The entire listing that follows must be repeated exactly, pictures excluded.

DATASET CONTENT:
□ □ □ □ □
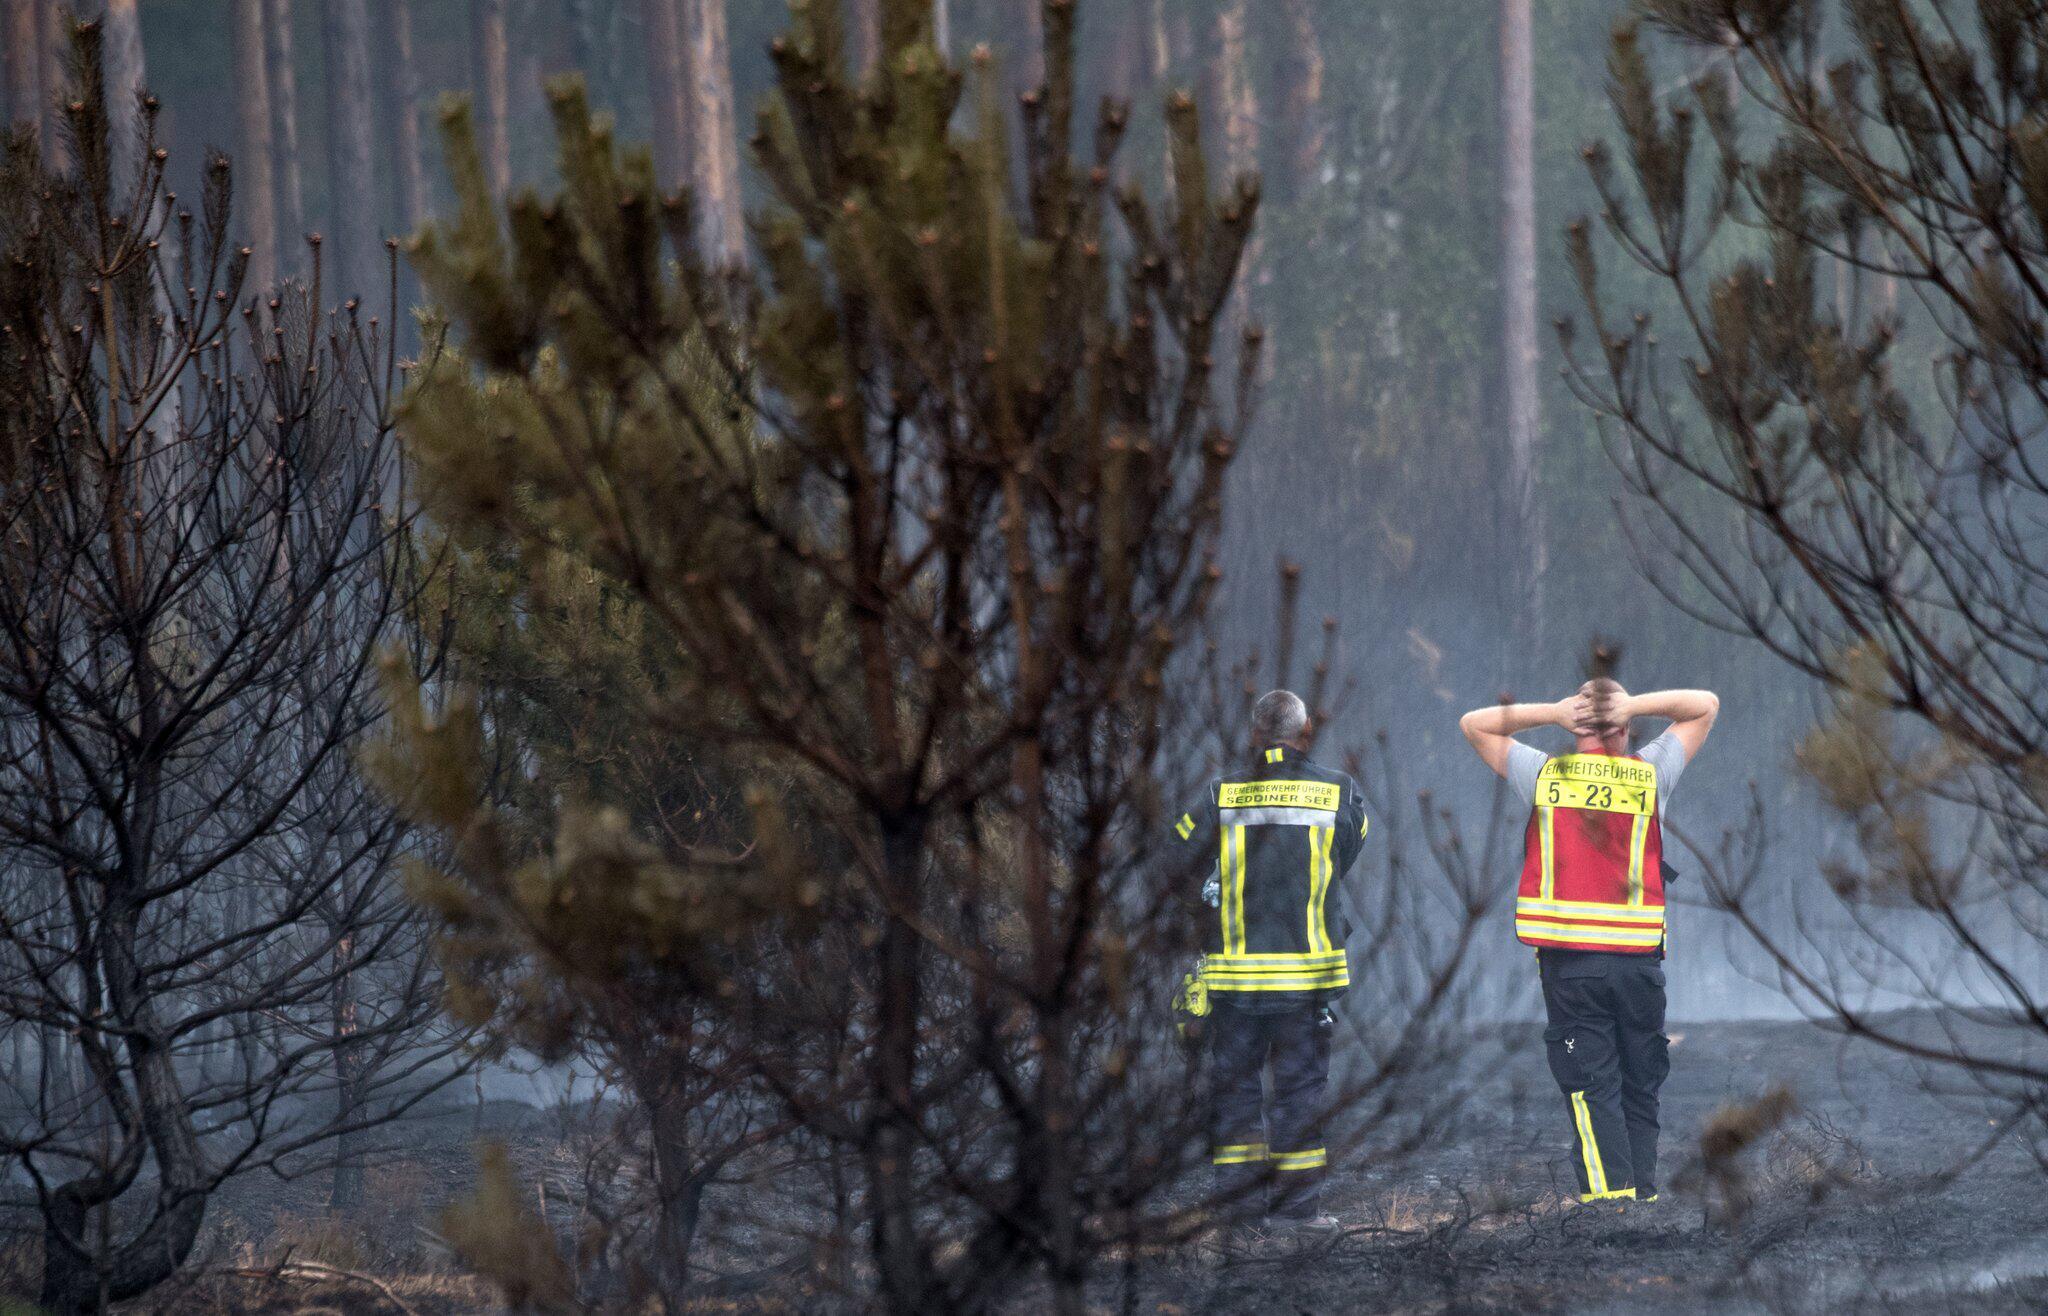 Bild zu Weiterer Waldbrand in Brandenburg
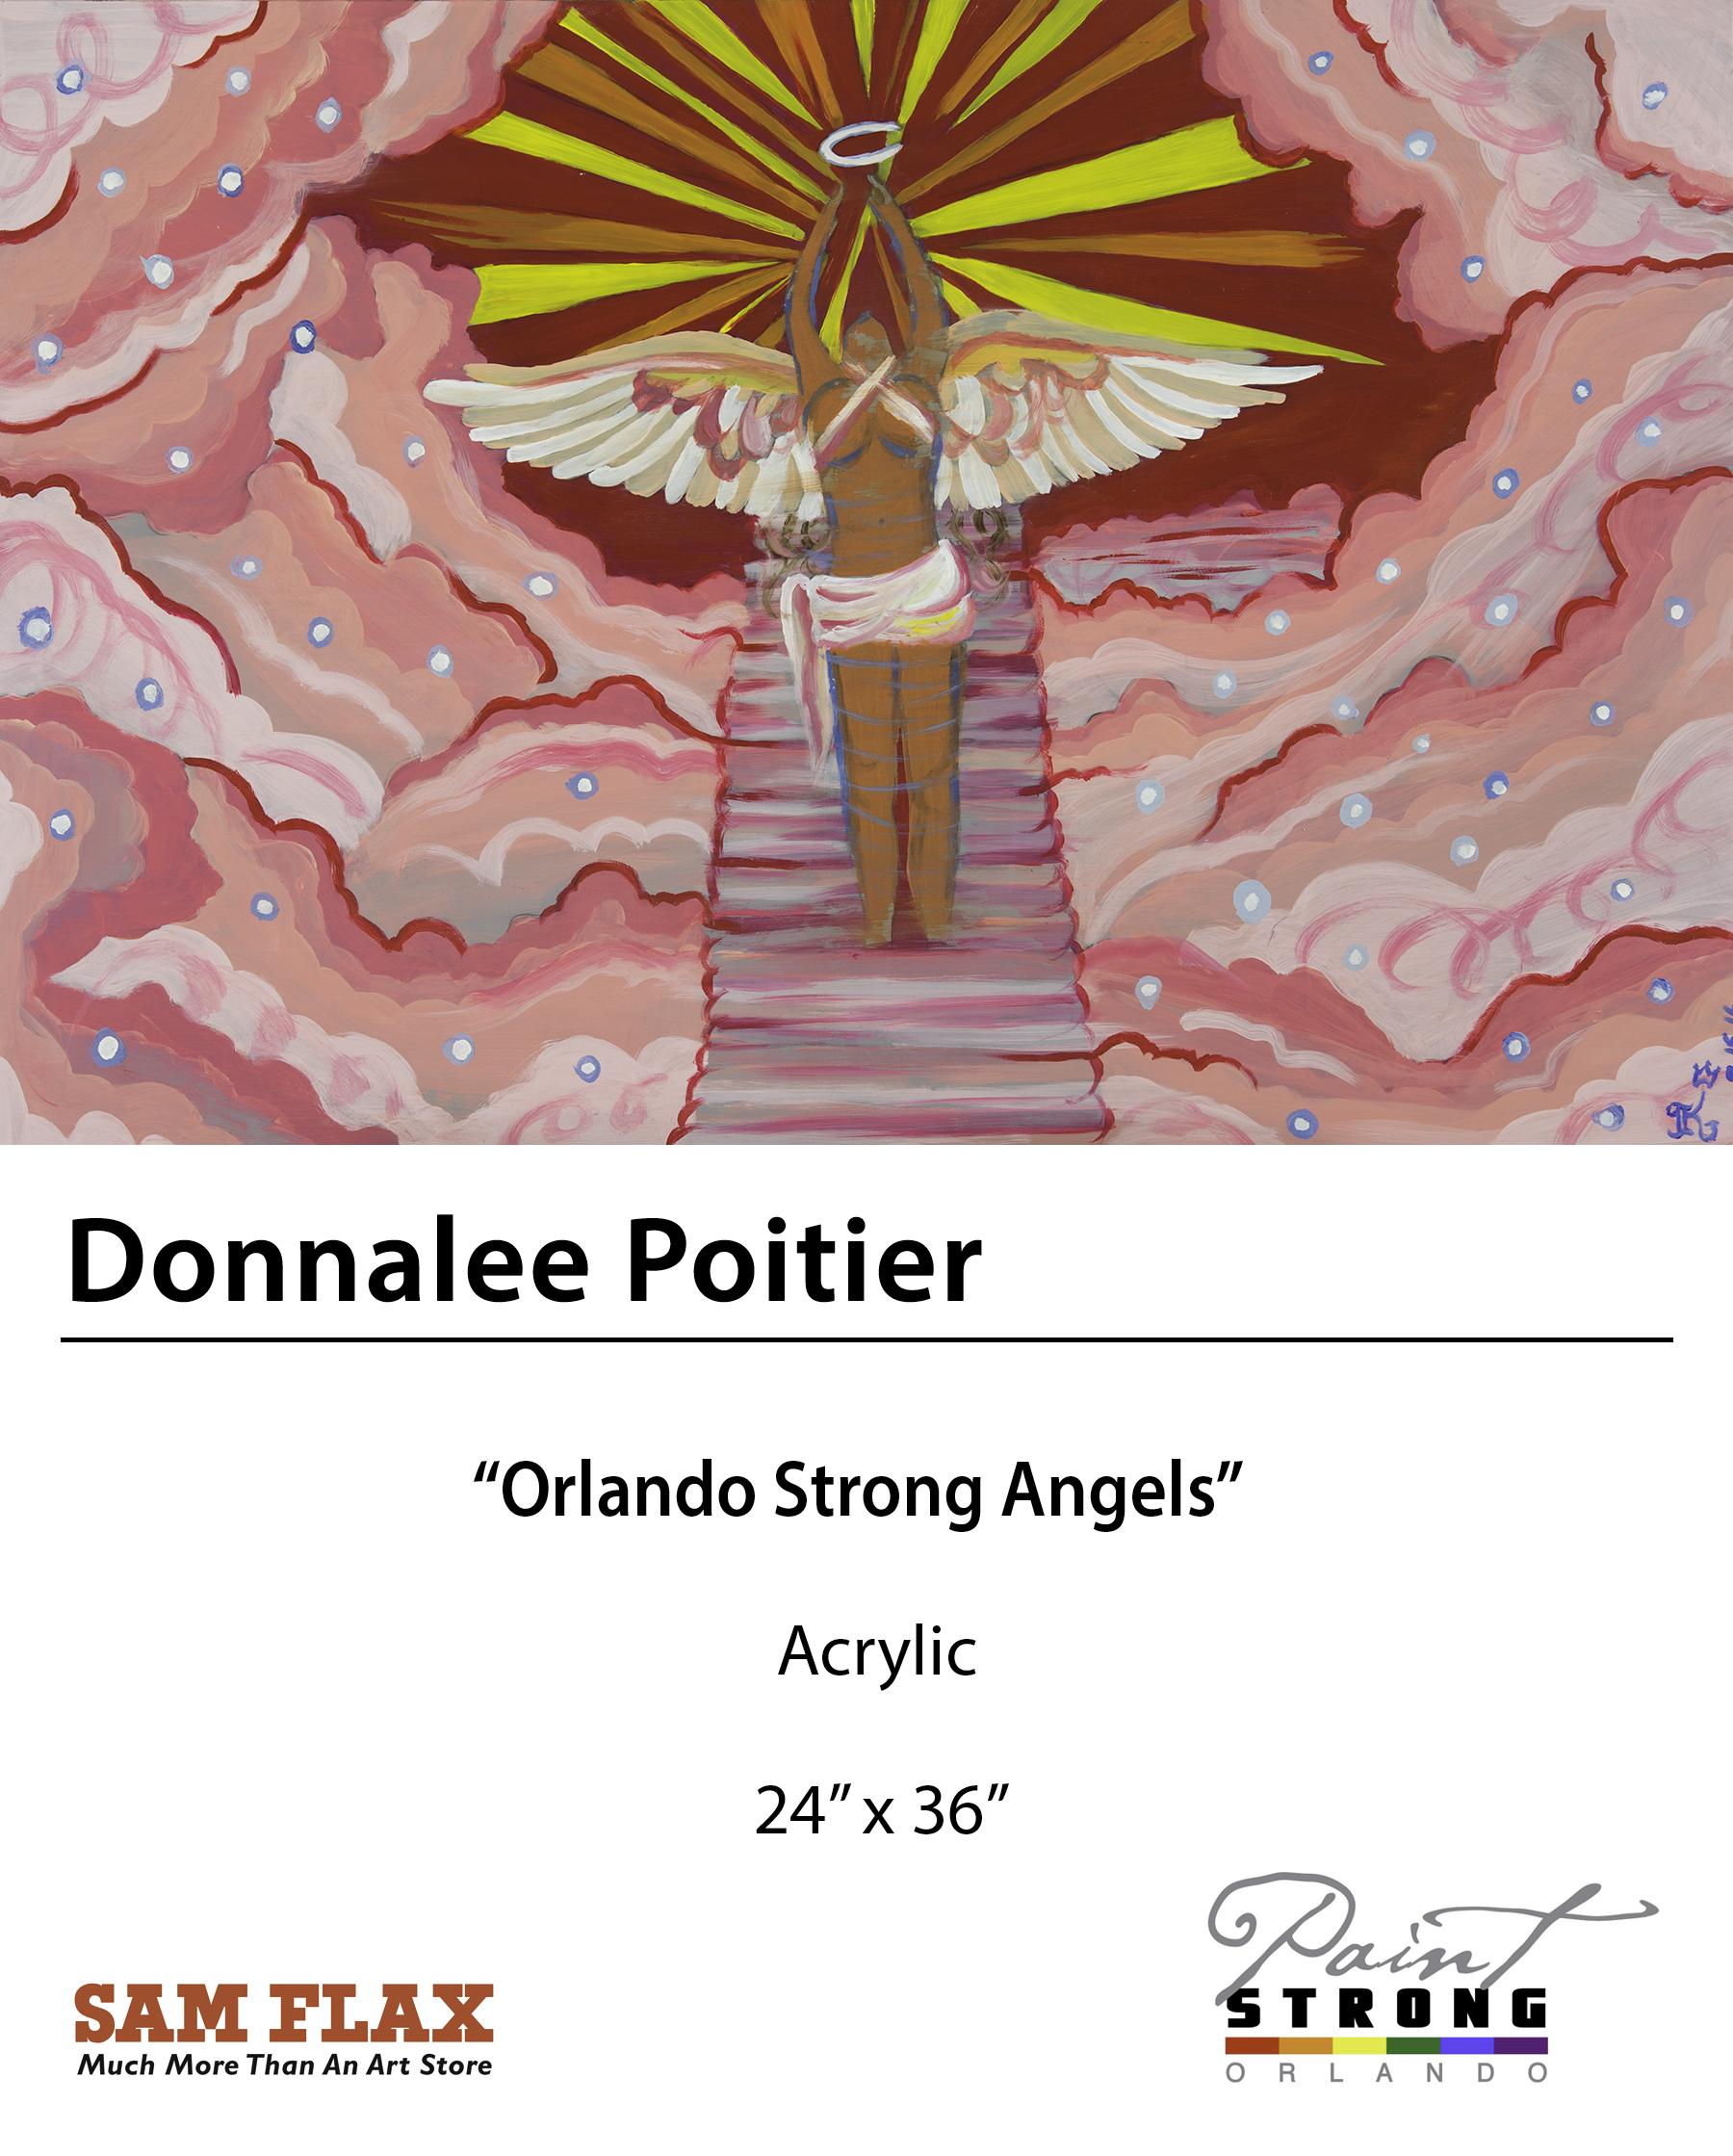 Donnalee Poitier
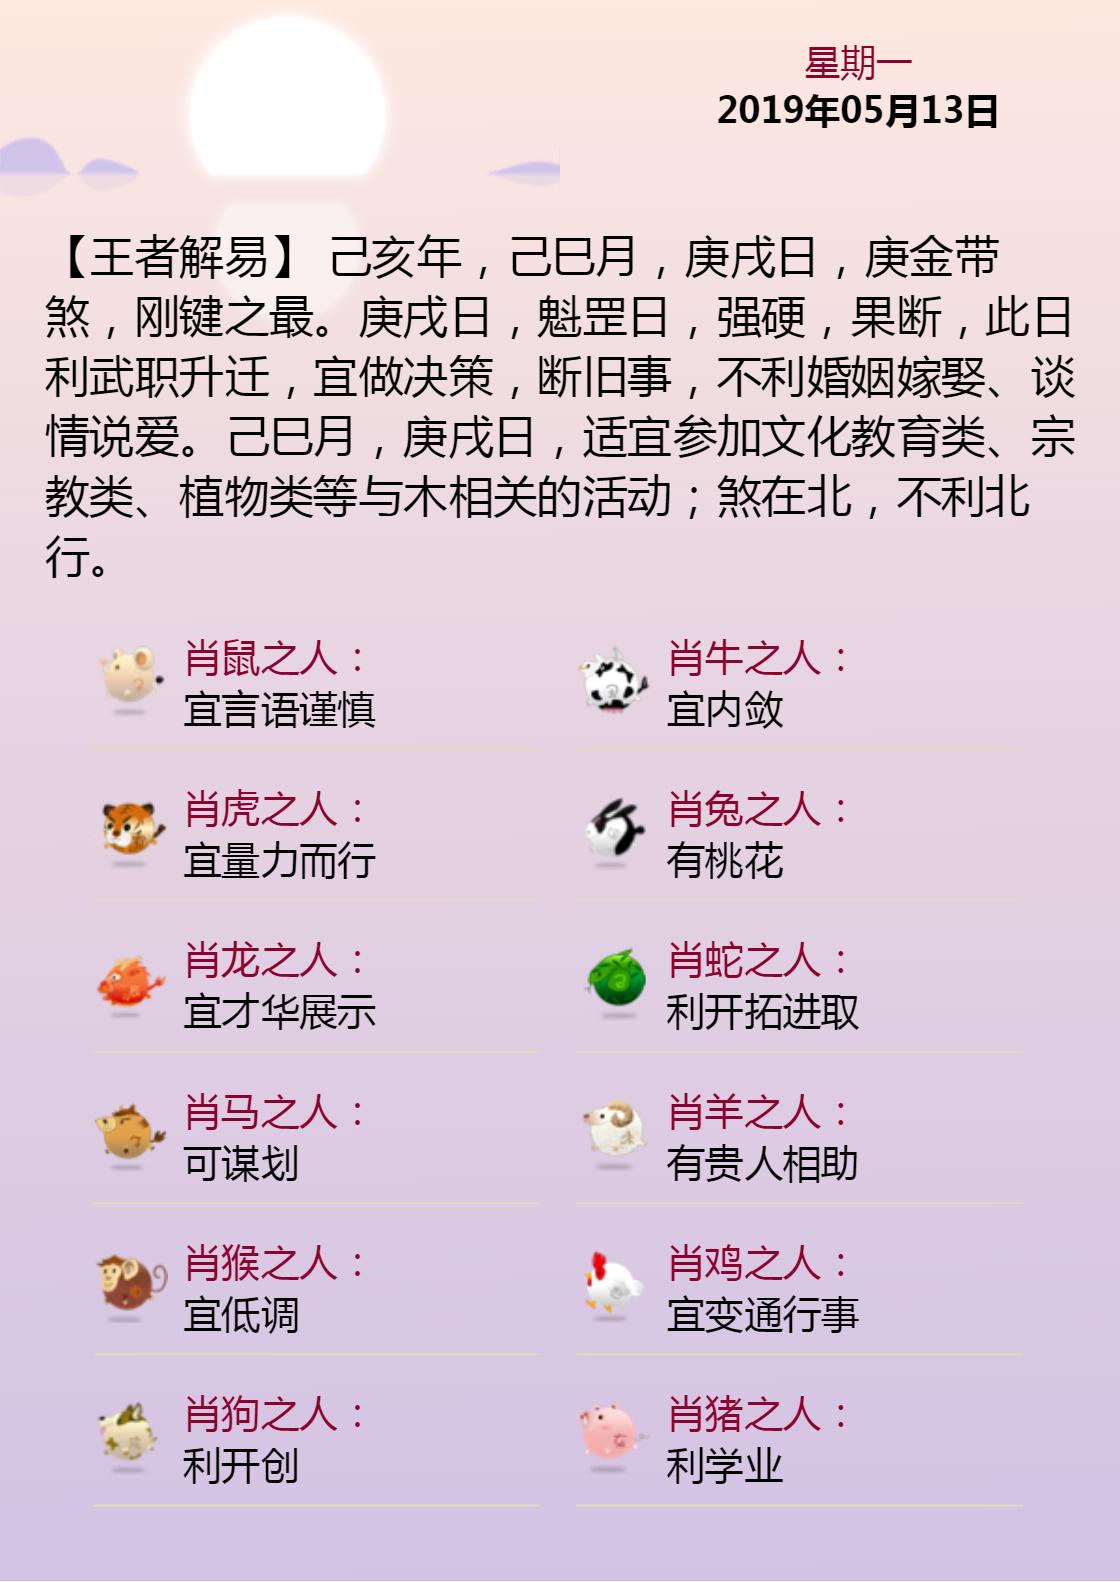 黄历海报20190513.png
□ □ □ □ □
SOLUTION:
 Bild zu Weiterer Waldbrand in Brandenburg
 Donnalee Poitier
 黄历海报20190513.png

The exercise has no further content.